Which is better? Of course that depends. For example, in an environment where on-line connectivity is not available, just having an identifier does nobody any good (analogy: the cop in the desert without mobile data services can’t check who I am). However, where on-line connectivity is available, the on-line alternative has many advantages, such as:

The information obtained on-line is much more likely up-to-date (analogy: if I have moved since my driver’s license was issued, chances are much higher that the on-line information is up-to-date than that I have an up-to-date "batch" driver’s license. How many times have you been asked: "is this address on your license still correct?").
Every on-line access can be logged, or can be subject to real-time approval. Imagine your driver’s license is stolen by somebody who looks similar to you. They can wreck lots of havoc with your life before you can stop them. Even after you have stopped them, you can’t even identify which havoc they wrecked because you don’t know what they used your driver’s license for. The on-line version can stop the digital identity’s misuse the minute you realize it has been stolen. And after the fact, you know exactly what it was used for by examining the log.
All the information on the "batch" package can potentially be falsified, as soon as the mechanism for packaging it is cracked (the fake-your-passport of so many movies etc.). What isn’t there for anybody to falsify and crack can’t be cracked, and in the on-line version, nothing is there… In my view, things like driver’s licenses and signed digital messages being sent around are inherently simpler to falsify than the same information held on a server that can employ all the same techniques for protection, and also rely on physical access control etc.
One can deploy the digital identity (well, the identifier part but that’s all that is needed to be deployed in the on-line case) before one needs to decide on the entirety of information that needs to be available to users of this digital identity. Or, one can make more information available to new classes of users that weren’t even foreseen at the time the digital identity was first issued. For example, if somebody decided that they needed to not only know my current address, but the three addresses before that, the on-line alternative can add those three addresses after the first use of the digital identity without impacting anybody. The batch alternative is far more complex in these cases as it would require the re-issue of a new driver’s license, for example. Which then would expose my past three addresses to everybody, even those 99% of people who do not need to and should not know. (This is why we support the return of different information to different people in LID.)
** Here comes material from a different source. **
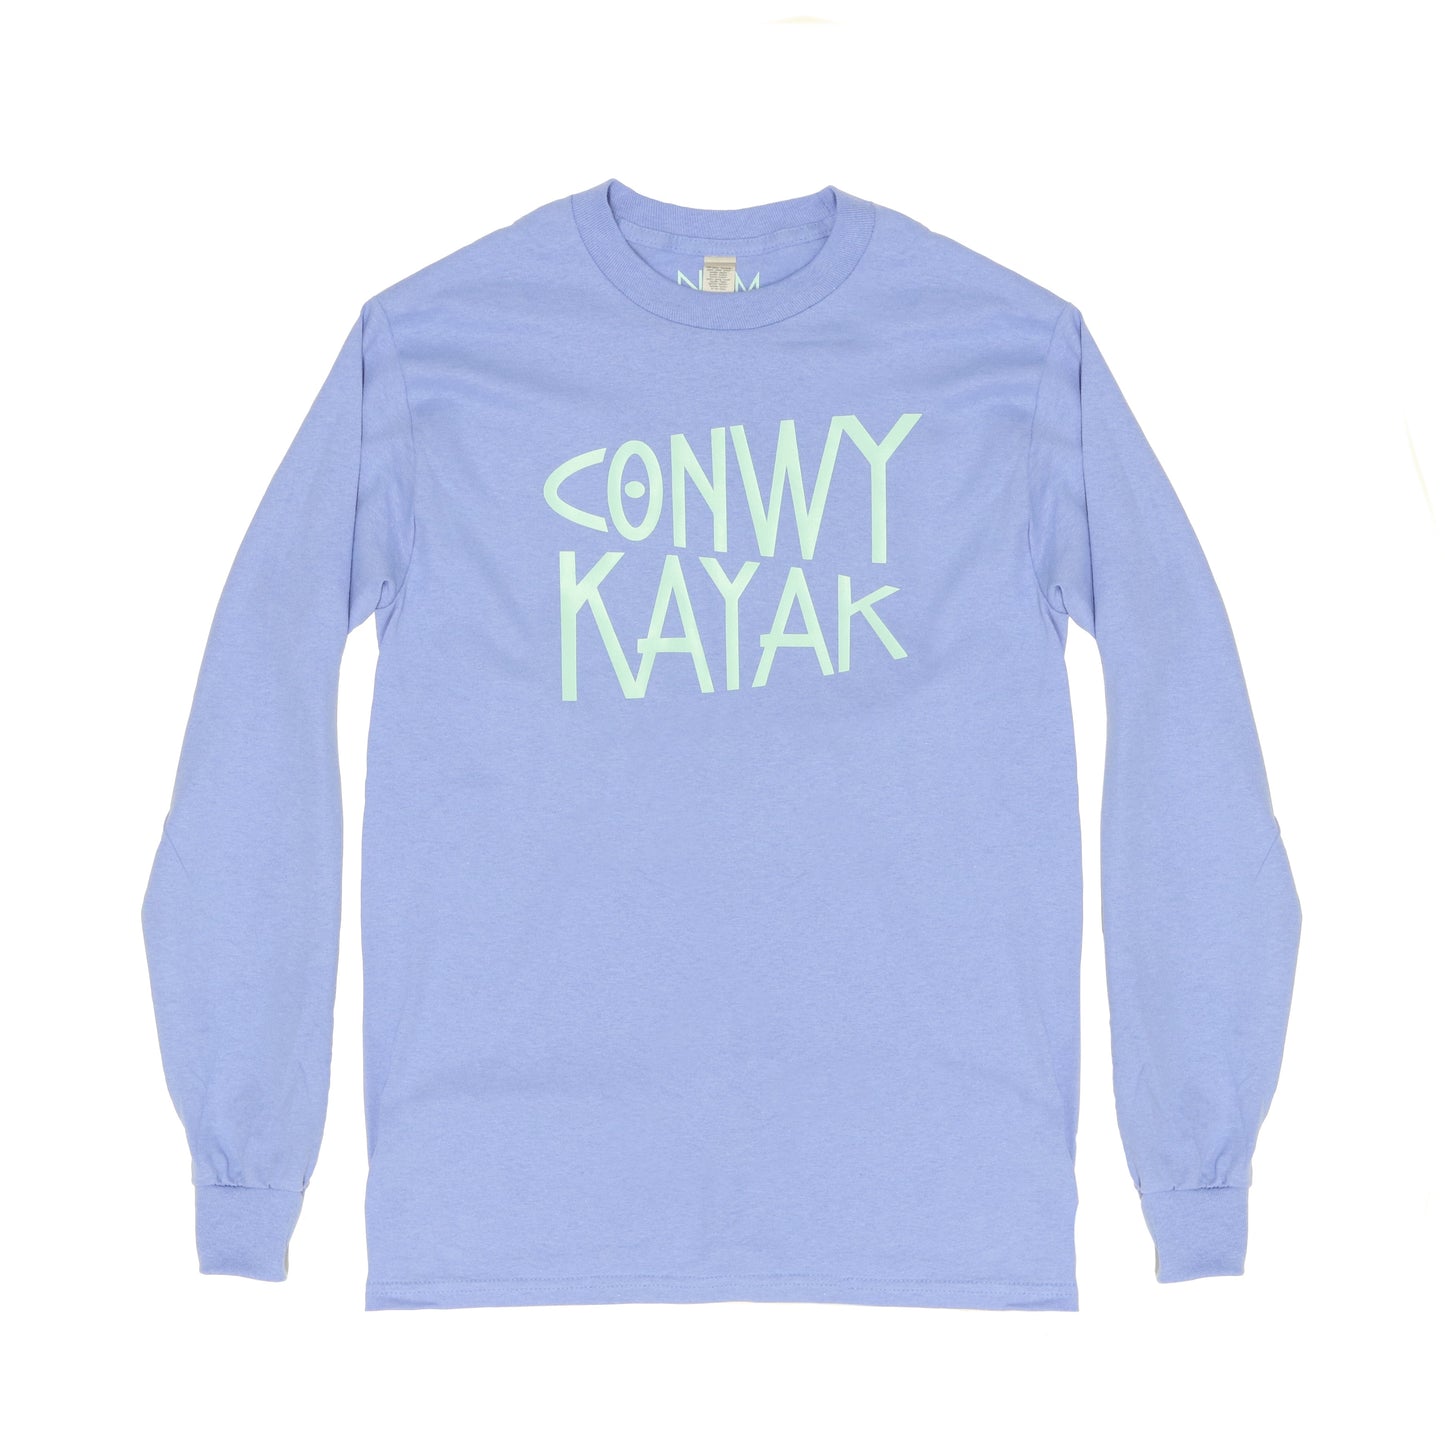 Conwy Kayak - Blue Long Sleeve T-Shirt - 1

Of course there is nothing to prevent systems from implementing both at the same time. We do that, to an extent, in LID already with our VCard export. And I think that is what is happening in the real world:

In the past, the cops may have been satisfied when you showed your driver’s license, but today, they also do a query on you, on-line, to identify you as a mass murderer, say. Same with passports at the borders. Personally, I don’t know which one is trusted more: the "batch" information you present (e.g. your passport) or the "on-line" information (e.g. the INS database). But there is a trend towards on-line, just like it is anywhere.

The fact that you are in possession of the passport adds an element of security over just memorizing your passport serial number. But note that putting information such as address and name on it, when on-line connectivity is available, adds nothing. (Side note: I have a very hard time understanding those people who want to put all sorts of biometrics on identity cards. They assume a high-tech environment for reading it, but somehow don’t assume that basic internet connectivity is available in the same place)

Within LID, we tend to think on-line first, and serialize into something that can be batch-processed if needed. I like this philosophy …